Monday, May 25, 2009

Ethnic Leaders Condemn Suu Kyi Trial

By SAW YAN NAING
The Irrawaddy News

Ethnic leaders inside and outside Burma on Monday condemned the Burmese regime’s trial of pro-democracy leader Aung San Suu Kyi, now entering its sixth day.

A prominent Rangoon-based Arakanese politician, Aye Thar Aung, who is secretary of the Arakan League for Democracy, said, “The current regime doesn’t care about national reconciliation and totally ignores the future of the country.”

The regime is pushing ahead with its “seven-step roadmap,” he said, determined to silence all political opposition, citing the case of the imprisoned political detainees of the 88 Generation Students, including leaders Min Ko Naing and Ko Ko Gyi.

Aye Thar Aung said he believed the fate of Suu Kyi was pre-determined, and she would be detained again and unable to influence the general election politics of 2010.

The pro-democracy leader faces up to five years in prison term if found guilty on charges that she violated the terms of her house arrest.

A prominent Mon politician, Nai Ngwe Thein, who is vice-president (1) of the Mon National Democratic Front in Mon State in southern Burma, said, “We can almost say that there is actually no rule of law in Burma.”

He called for unity among ethnic political parties and armed ethnic groups and urged the Burmese people to launch an uprising against the junta.

The general-secretary of the Karen National Union, Zipporah Sein, said, “It is not correct for them to charge Suu Kyi, because did nothing wrong. She is not guilty.

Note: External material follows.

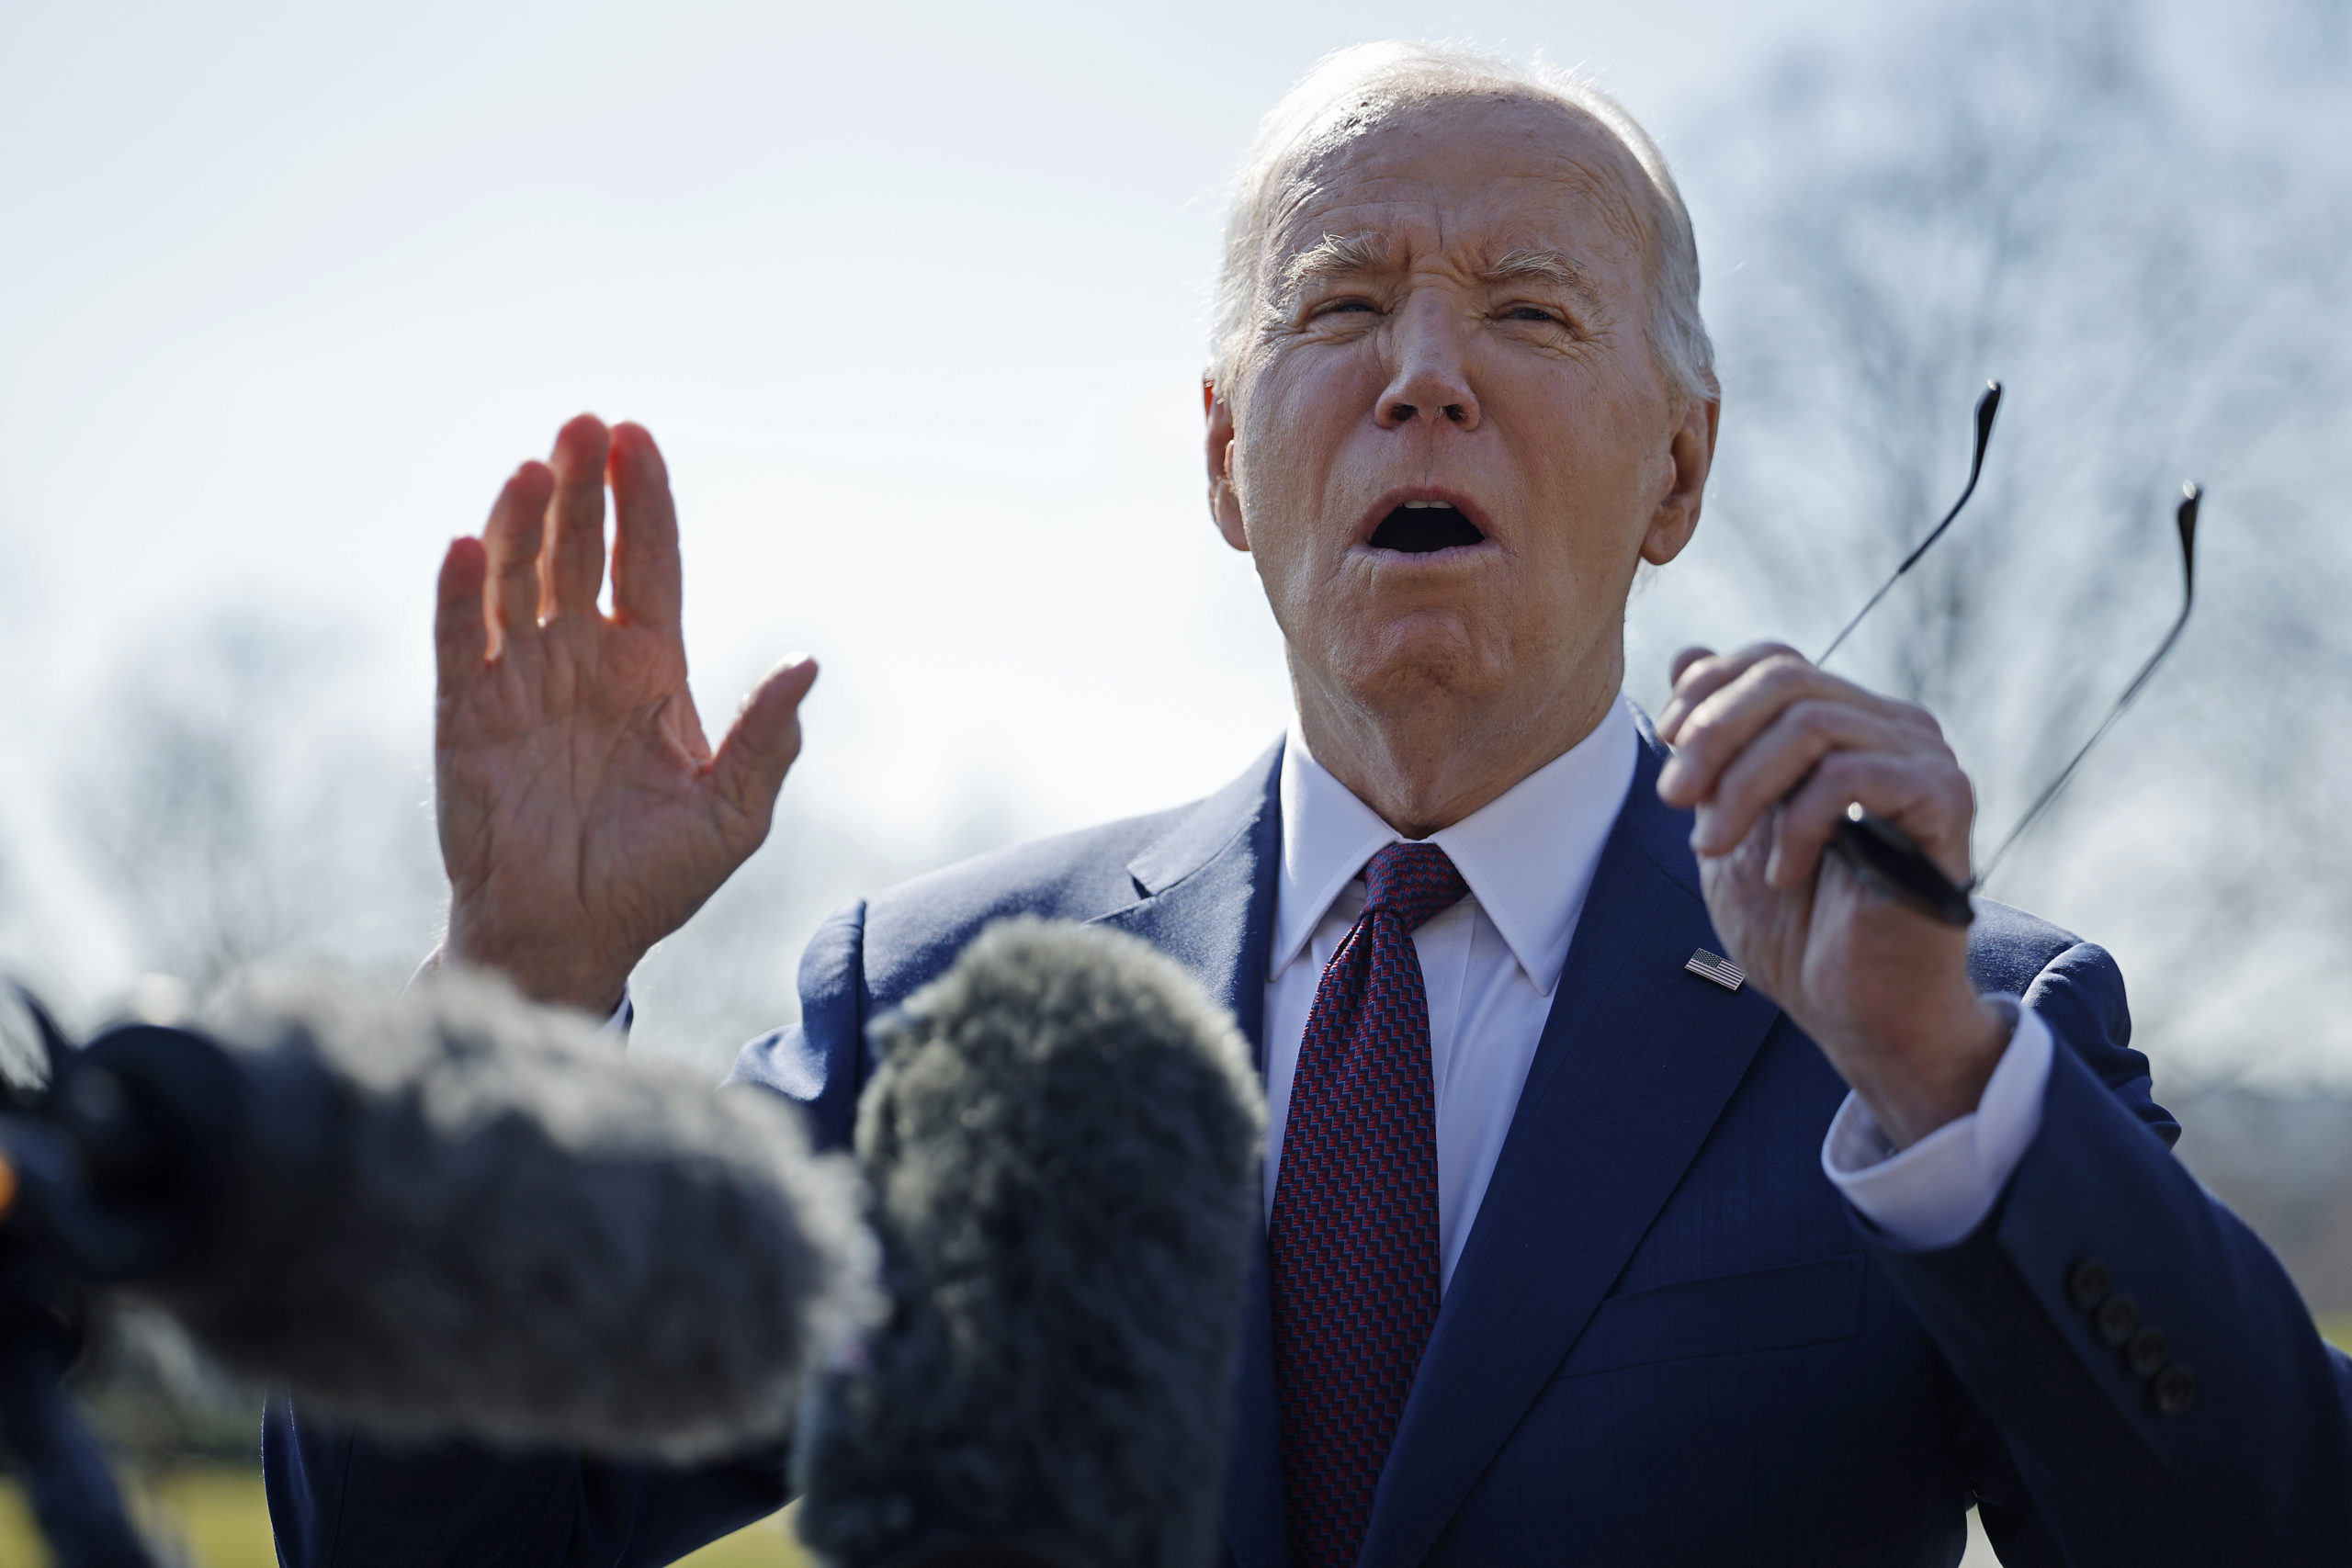 WASHINGTON, DC - FEBRUARY 20: U.S. President Joe Biden stops to talk to journalists about new Russian sanctions as he departs the White House on February 20, 2024 in Washington, DC. Biden is traveling to California to attend campaign receptions across the state. (Photo by Chip Somodevilla/Getty Images)

Her house arrest over the past 13 years was a big crime that the regime committed.”

Zipporah called for the international community, including the United Nations, to put more pressure on the Burmese regime and to seek a “tripartite dialogue.”

Meanwhile, Lt-Gen Gauri Zau Seng, the vice-president of the Kachin Independence Organization, said he lacked information about the charges and trial, but he was saddened to see Suu Kyi be put on trial by the authorities.

Suu Kyi has spent 13 of the past 19 years under house arrest. Her latest arrest followed an attack in May 2003 on her convoy of vehicles by junta-backed thugs in Depayin Township in Sagaing Division in central Burma.